Wrestling games on the N64 are as popular as Crimson Tide bumper-stickers in Birmingham, and therein lies the problem: How to bring something new to the world of suplexing studs? The radical answer, from Electronic Arts: Do away with the ring.

More than 50 WCW wrestlers, including women and managers, piledrive their ways through seven environments, each with at least two rooms. Since there's no ring, don't expect a ref to show up. With no spoil-sports in striped shirts around, you're free to use foreign objects to your heart's content.

Each room is packed to the brim with potential weapons. Urinals can be ripped from the wall in the Bathroom, podiums turn into bludgeoning tools in the Media Center, and pay phones make for perfect weapons in the Locker Room. Other potential tools of destruction include 2x4s, water jugs, metal pipes, weights, chairs, VCRs, televisions and even sinks. Fire, smoke, water, steam, electrical sparks and other interactive elements can damage wrestlers and venues alike.

Backstage Assault features more than 800 motion-captured animations, including some 300 reused from last year's WCW Mayhem. The move you'll see most often, though, is when one wrestler cracks another over the head with a trash can or a computer monitor. Each wrestler has quite a few moves at his or her disposal, but with so many weapons lying around, the matches generally consist of constant pipe-swinging.

Developer Kodiak Interactive (which also made Mayhem) tries to keep the action somewhat true to the sport by designing ring-like mechanics into the rumble rooms. In the Truck Arena, for example, wrestlers can bounce opponents against a pile of used tires instead of the ropes. While rule-abiding wrestlers normally launch attacks from the top turnbuckle, Backstage Assault brawlers opt to perch atop 18-wheelers or chain link fences.

Matches are won by either pinfall or submission, but players can earn extra bonus points and unlock hidden wrestlers by performing certain tasks in each arena. In the Truck Arena, you can unlock Vampiro by picking up a 2x4, setting it on fire, and then torching your opponent. Bonus points are earned in the Media Center by shocking the competition with a battered VCR.

By taking advantage of aerial opportunities, you can unlock moves for use in the Create-A-Superstar mode. Kodiak tries to encourage players to use different moves by providing a bonus for variety, but this probably won't stop gamers from constantly assaulting each other with items. In fact, you can actually earn bonus points for using all of the items in the room.

In Hardcore Challenge, you battle for three WCW championships: U.S., World or Hardcore. As you scrap your way up the ladder, you can unlock new venues and weapons. Superior performances are recorded in the Hall of Champions, which ranks you by title earned, number of matches won, number of replays used (the less, the better) and style points.

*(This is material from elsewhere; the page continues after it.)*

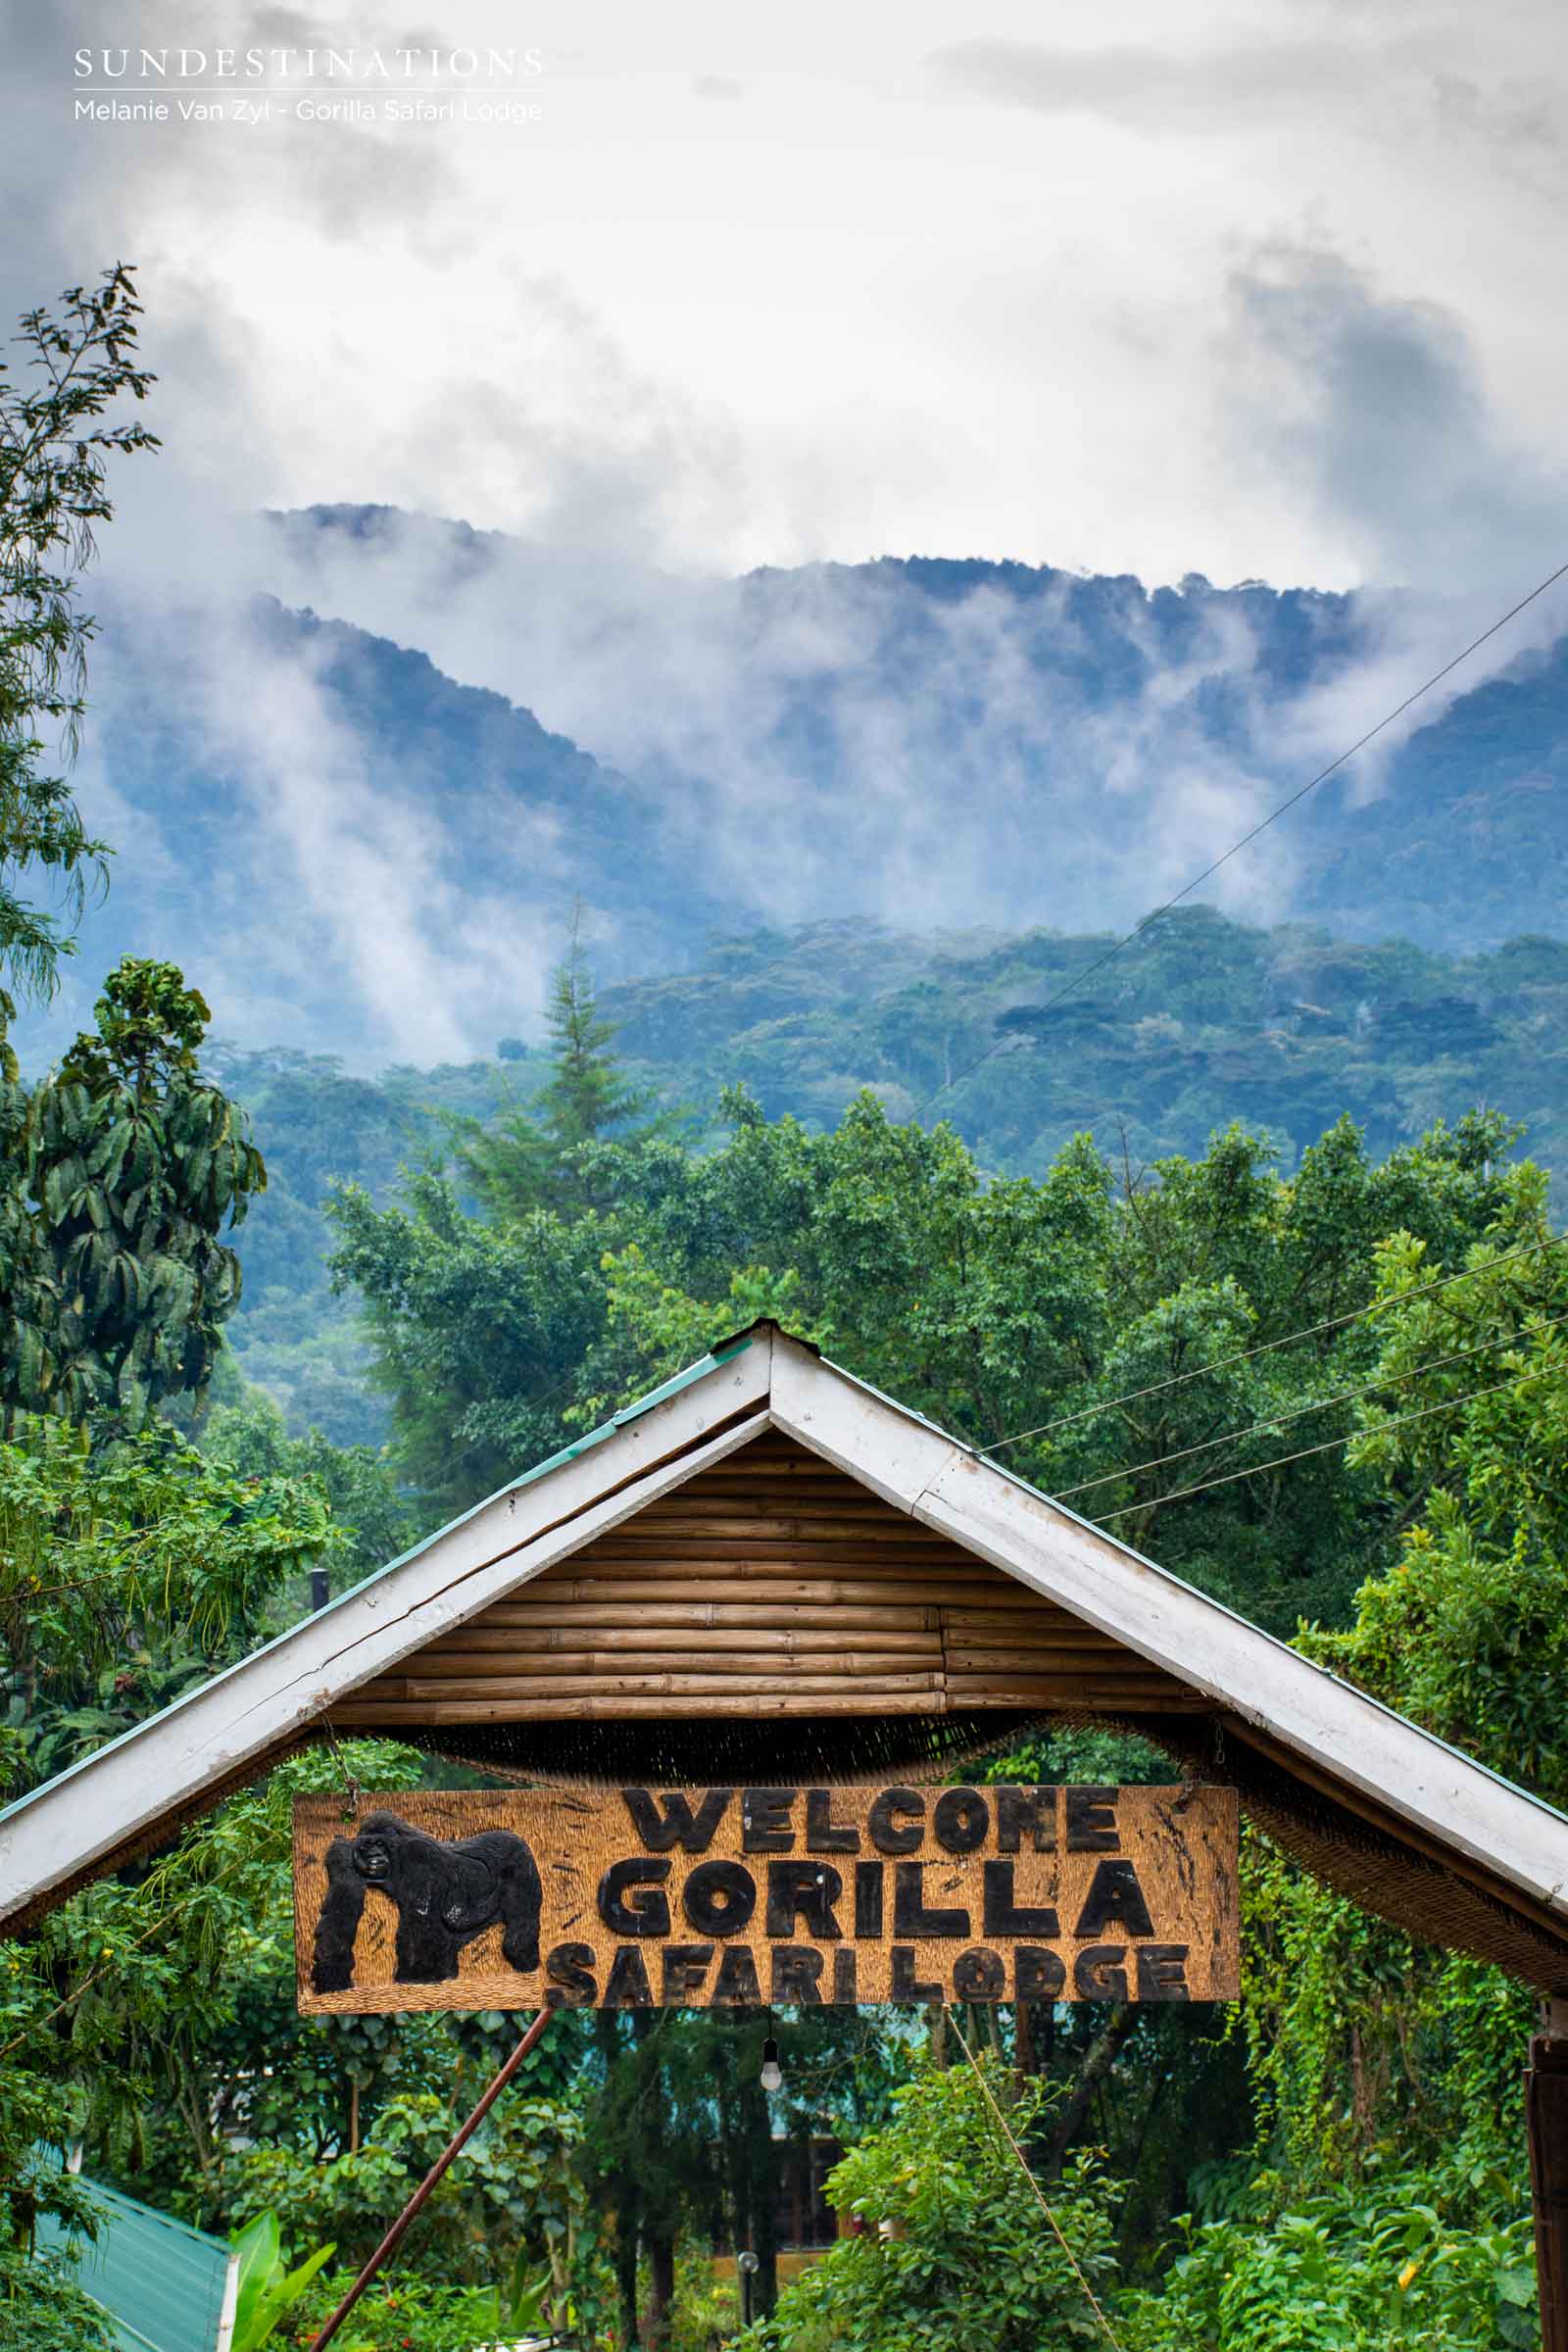 Gorilla Safari Lodge Conservation

Hardcore Gauntlet challenges you to fight seven of the WCW's most daunting wrestlers without taking a single breather. Run the gauntlet successfully and you'll get your mitts on even more hidden WCW stars. Less grueling but more spectacular modes include First Blood (you bleed, you lose) and Human Torch Match (you catch fire, you lose).

We have to give EA credit for their willingness to go just as far overboard as the WCW script writers themselves. This game definitely has some serious shock value, and smacking Jimmy Hart over the head with a flaming 2x4 is undeniably entertaining. When the novelty eventually wears off (and for some players it may never completely fade away), Backstage Assault's unpolished graphics and surprising lack of a four-player mode are almost as damaging as a urinal to the back of the head.

Nevertheless, Wrestling fans should definitely give this Pak a test-smack. It may not hold your attention for long, but while it does it hangs on with an iron grip.